You can do this in a more general fashion by checking the
zone boundaries and resolving the pfn->page every MAX_ORDER_NR_PAGES.
That will not be SPARSEMEM specific.
+#else
+
+#define zone_pfn_same_memmap(pfn1, pfn2) (true)
+
+#endif
+
#endif /* !__GENERATING_BOUNDS.H */
#endif /* !__ASSEMBLY__ */
#endif /* _LINUX_MMZONE_H */
@@ -5706,6 +5706,73 @@ out:
spin_unlock_irqrestore(&zone->lock, flags);
}
+unsigned long alloc_contig_freed_pages(unsigned long start, unsigned long end,
+ gfp_t flag)
+{
+ unsigned long pfn = start, count;
+ struct page *page;
+ struct zone *zone;
+ int order;
+
+ VM_BUG_ON(!pfn_valid(start));
VM_BUG_ON seems very harsh here. WARN_ON_ONCE and returning 0 to the
caller sees reasonable.
+ page = pfn_to_page(start);
+ zone = page_zone(page);
+
+ spin_lock_irq(&zone->lock);
+
+ for (;;) {
+ VM_BUG_ON(page_count(page) || !PageBuddy(page) ||
+ page_zone(page) != zone);
+
Here you will VM_BUG_ON with the zone lock held leading to system
halting very shortly.
+ list_del(&page->lru);
+ order = page_order(page);
+ count = 1UL << order;
+ zone->free_area[order].nr_free--;
+ rmv_page_order(page);
+ __mod_zone_page_state(zone, NR_FREE_PAGES, -(long)count);
+
The callers need to check in advance if watermarks are sufficient for
this.
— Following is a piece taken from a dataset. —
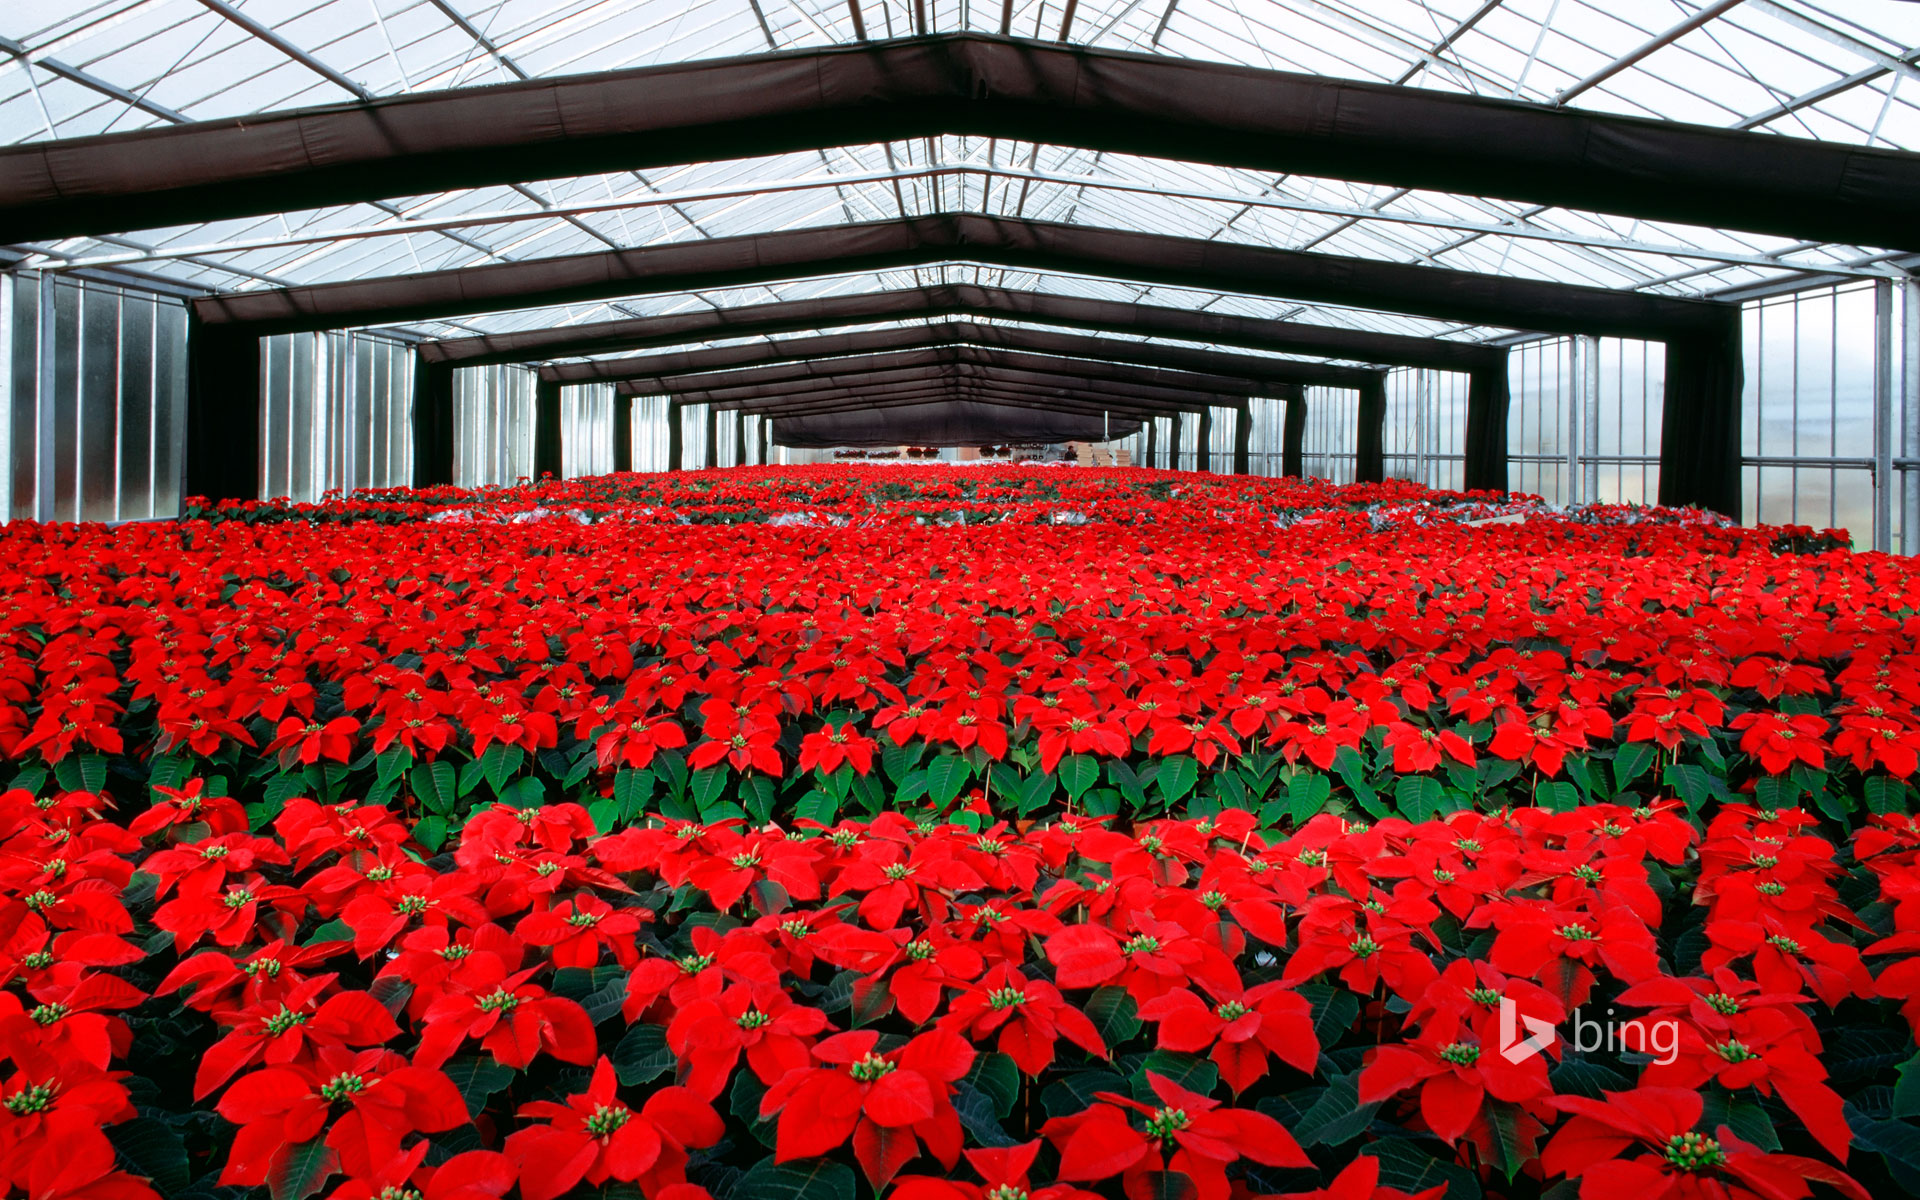 Poinsettia plants under cultivation in a greenhouse
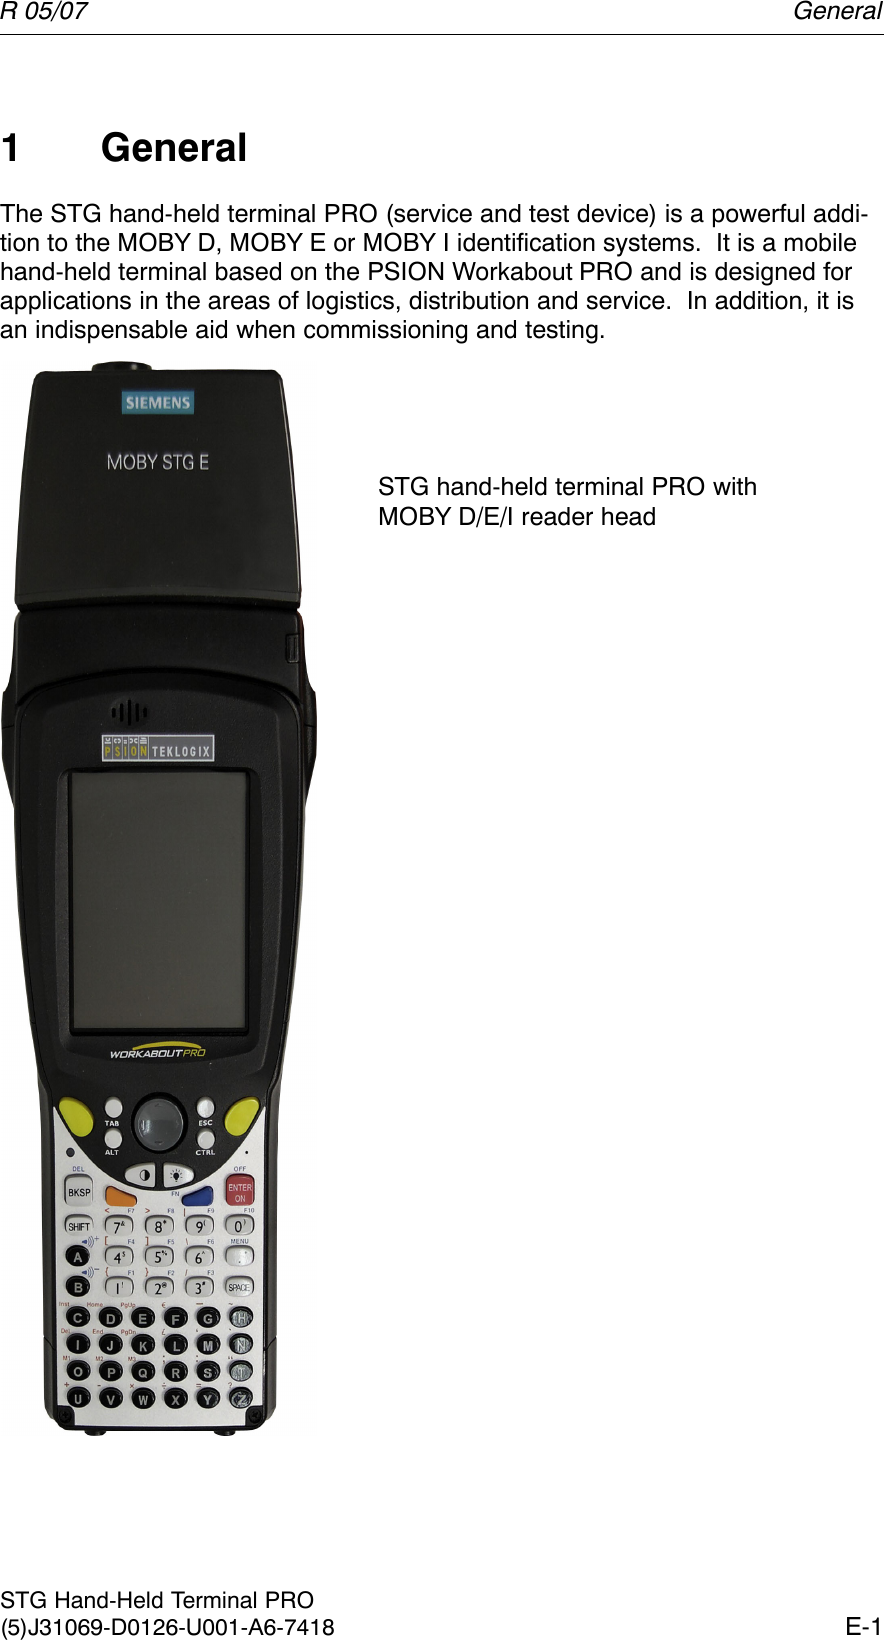 R 05/07E-1STG Hand-Held Terminal PRO(5)J31069-D0126-U001-A6-74181 GeneralThe STG hand-held terminal PRO (service and test device) is a powerful addi-tion to the MOBY D, MOBY E or MOBY I identification systems.  It is a mobilehand-held terminal based on the PSION Workabout PRO and is designed forapplications in the areas of logistics, distribution and service.  In addition, it isan indispensable aid when commissioning and testing.STG hand-held terminal PRO withMOBY D/E/I reader headGeneral

In compaction, it happens in compaction_suitable() because it only
needed to be checked once. Your requirements might be different.
+ pfn += count;
+ if (pfn >= end)
+ break;
+ VM_BUG_ON(!pfn_valid(pfn));
+
On ARM, it's possible to encounter invalid pages. VM_BUG_ON is serious
overkill.
+ if (zone_pfn_same_memmap(pfn - count, pfn))
+ page += count;
+ else
+ page = pfn_to_page(pfn);
+ }
+
+ spin_unlock_irq(&zone->lock);
+
+ /* After this, pages in the range can be freed one be one */
+ count = pfn - start;
+ pfn = start;
+ for (page = pfn_to_page(pfn); count; --count) {
+ prep_new_page(page, 0, flag);
+ ++pfn;
+ if (likely(zone_pfn_same_memmap(pfn - 1, pfn)))
+ ++page;
+ else
+ page = pfn_to_page(pfn);
+ }
+
Here it looks like you have implemented something like split_free_page().
+ return pfn;
+}